We tested mortality selection into the HRS genetic database by comparing HRS respondents who survive until genetic data collection in 2006 with those who do not. We next modelled mortality selection on demographic, health and social characteristics to calculate mortality selection probability weights. We analysed polygenic score associations with several traits before and after applying inverse-probability weighting to account for mortality selection. We tested simple associations and time-varying genetic associations (i.e. gene-by-cohort interactions).

RESULTS

We observed mortality selection into the HRS genetic database on demographic, health and social characteristics.
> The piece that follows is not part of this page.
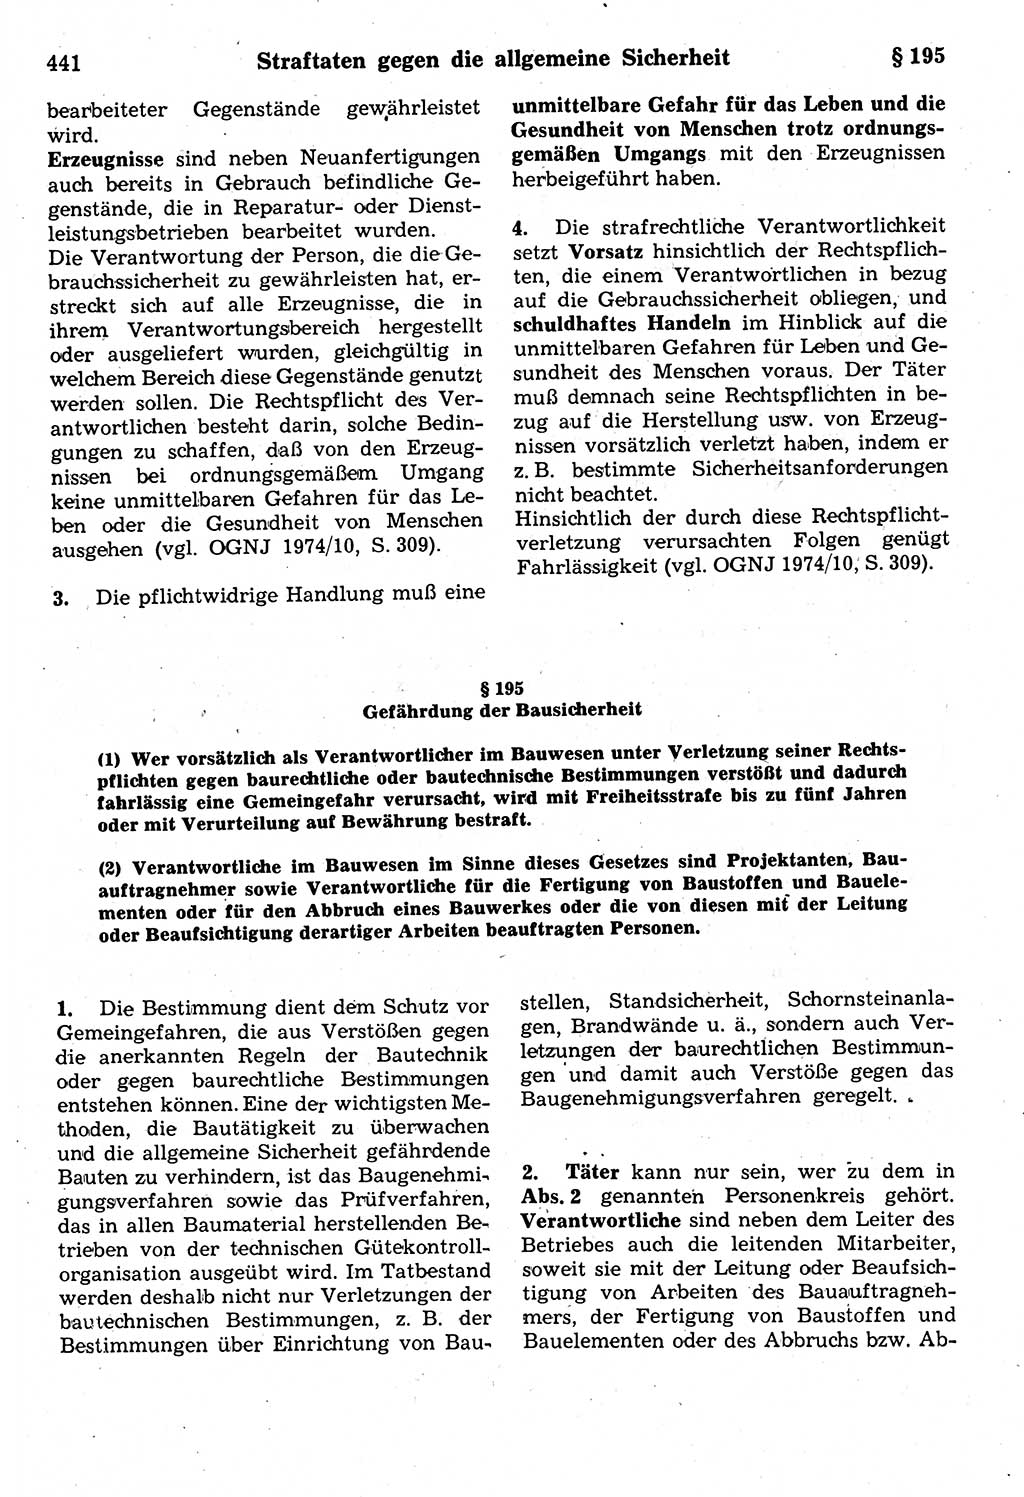 Strafrecht der Deutschen Demokratischen Republik (DDR), Kommentar zum Strafgesetzbuch (StGB) 1987, Seite 441 (Strafr. DDR Komm. StGB 1987, S. 441)
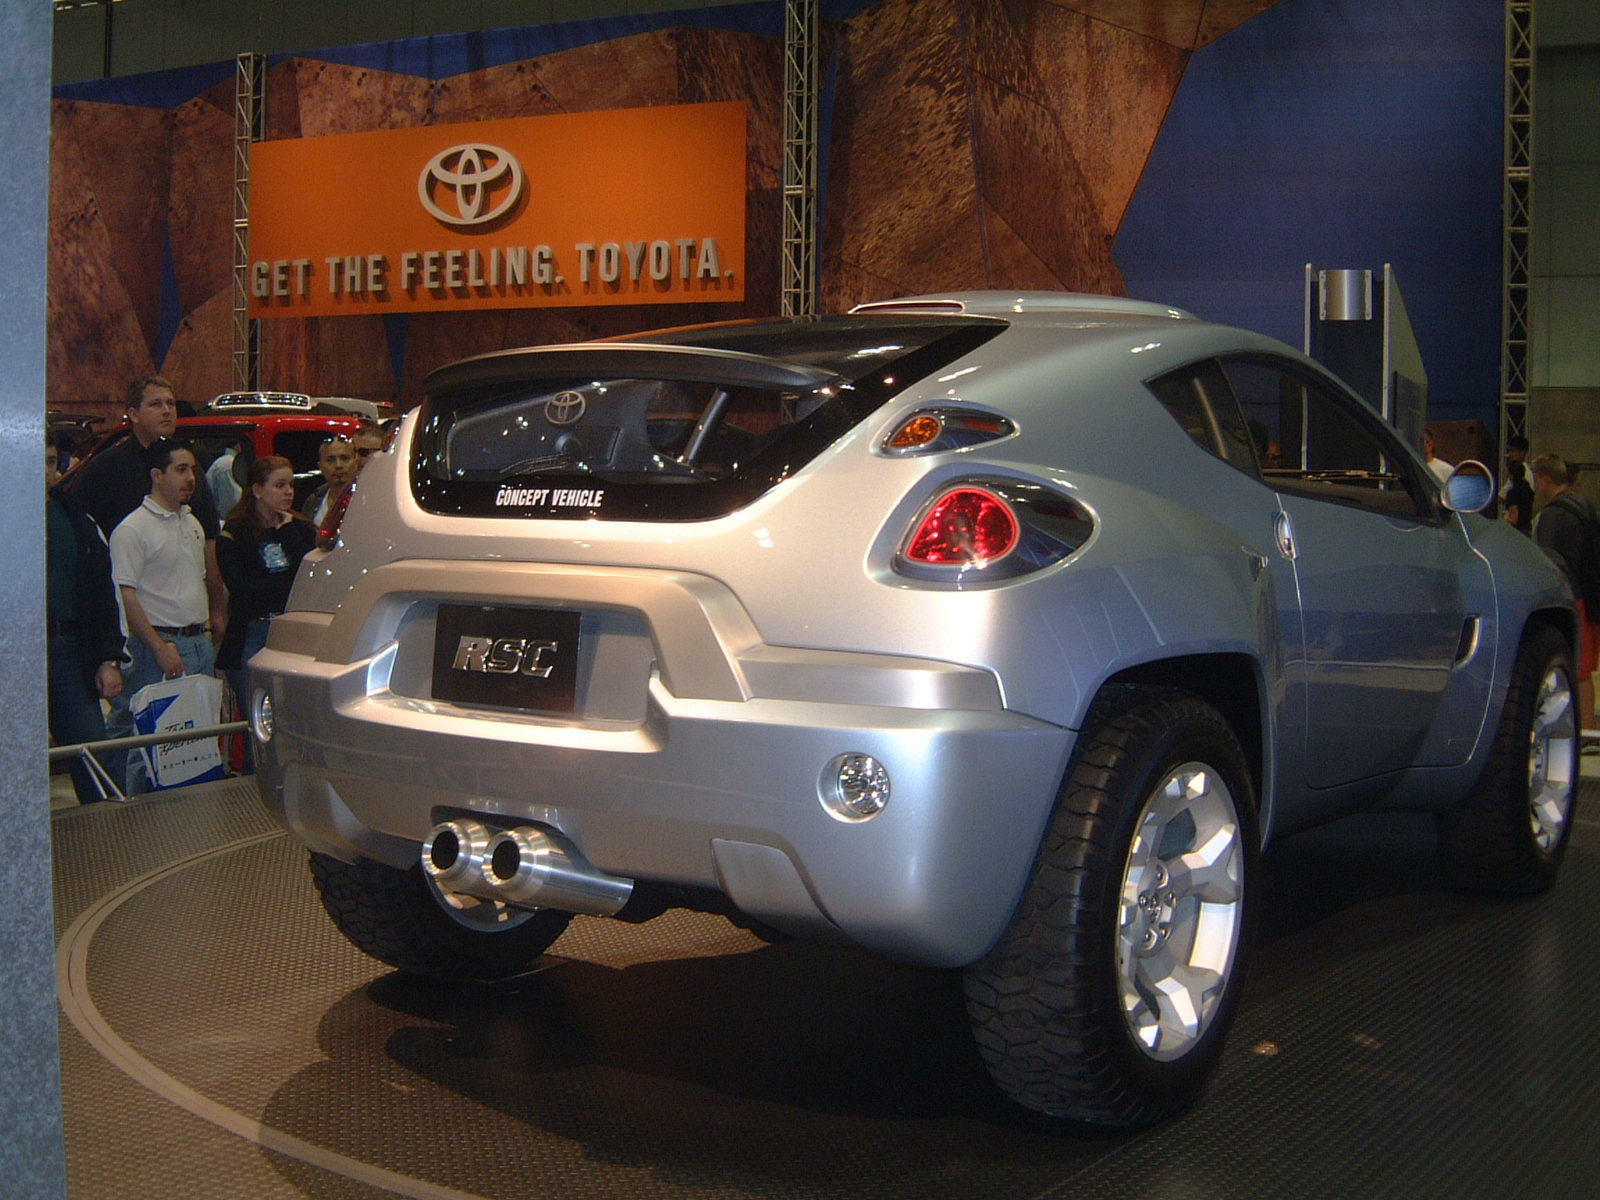 Toyota_RSC_LA_autoshow_2002_(rear_view).jpg

Correction for mortality selection using inverse probability weighting methods did not change simple association estimates. However, using these methods did change estimates of gene-by-cohort interaction effects. Correction for mortality selection changed gene-by-cohort interaction estimates in the opposite direction from increased mortality selection based on analysis of HRS respondents surviving through 2012.

CONCLUSIONS

Mortality selection may bias estimates of gene-by-cohort interaction effects. Analyses of HRS data can adjust for mortality selection associated with observables by including probability weights. Mortality selection is a potential confounder of genetic association studies, but the magnitude of confounding varies by trait.

摘要

背景

当感兴趣的人群中一个非随机的子集在数据收集之前死亡且在数据中未被观察到时,就会发生死亡率选择。死亡率选择在社会科学和健康科学中普遍受到关注,但在遗传流行病学中却很少受到关注。我们使用来自美国健康与退休研究(HRS)的数据检验了死亡率选择可能会偏倚遗传关联估计的假设。

方法

我们通过比较在 2006 年遗传数据收集前存活至 HRS 的受访者与未存活至 HRS 的受访者,来检验死亡率选择进入 HRS 遗传数据库的情况。接下来,我们根据人口统计学、健康和社会特征对死亡率选择进行建模,以计算死亡率选择概率权重。在应用逆概率加权法来纠正死亡率选择之前,我们对多基因评分与几个性状的关联进行了分析。我们在考虑死亡率选择的情况下分析了简单关联和时变遗传关联(即基因与队列的交互作用)。

结果

我们观察到死亡率选择与人口统计学、健康和社会特征有关。使用逆概率加权法进行死亡率选择校正并未改变简单关联的估计值。然而,使用这些方法确实改变了基因与队列的交互作用效果的估计值。基于对 2012 年之前存活的 HRS 受访者的分析,死亡率选择校正改变了基因与队列的交互作用估计值,与死亡率选择增加的方向相反。

结论

死亡率选择可能会偏倚基因与队列的交互作用效果的估计值。通过包括概率权重,HRS 数据分析可以调整与可观察因素相关的死亡率选择。死亡率选择是遗传关联研究的一个潜在混杂因素,但混杂的程度因性状而异。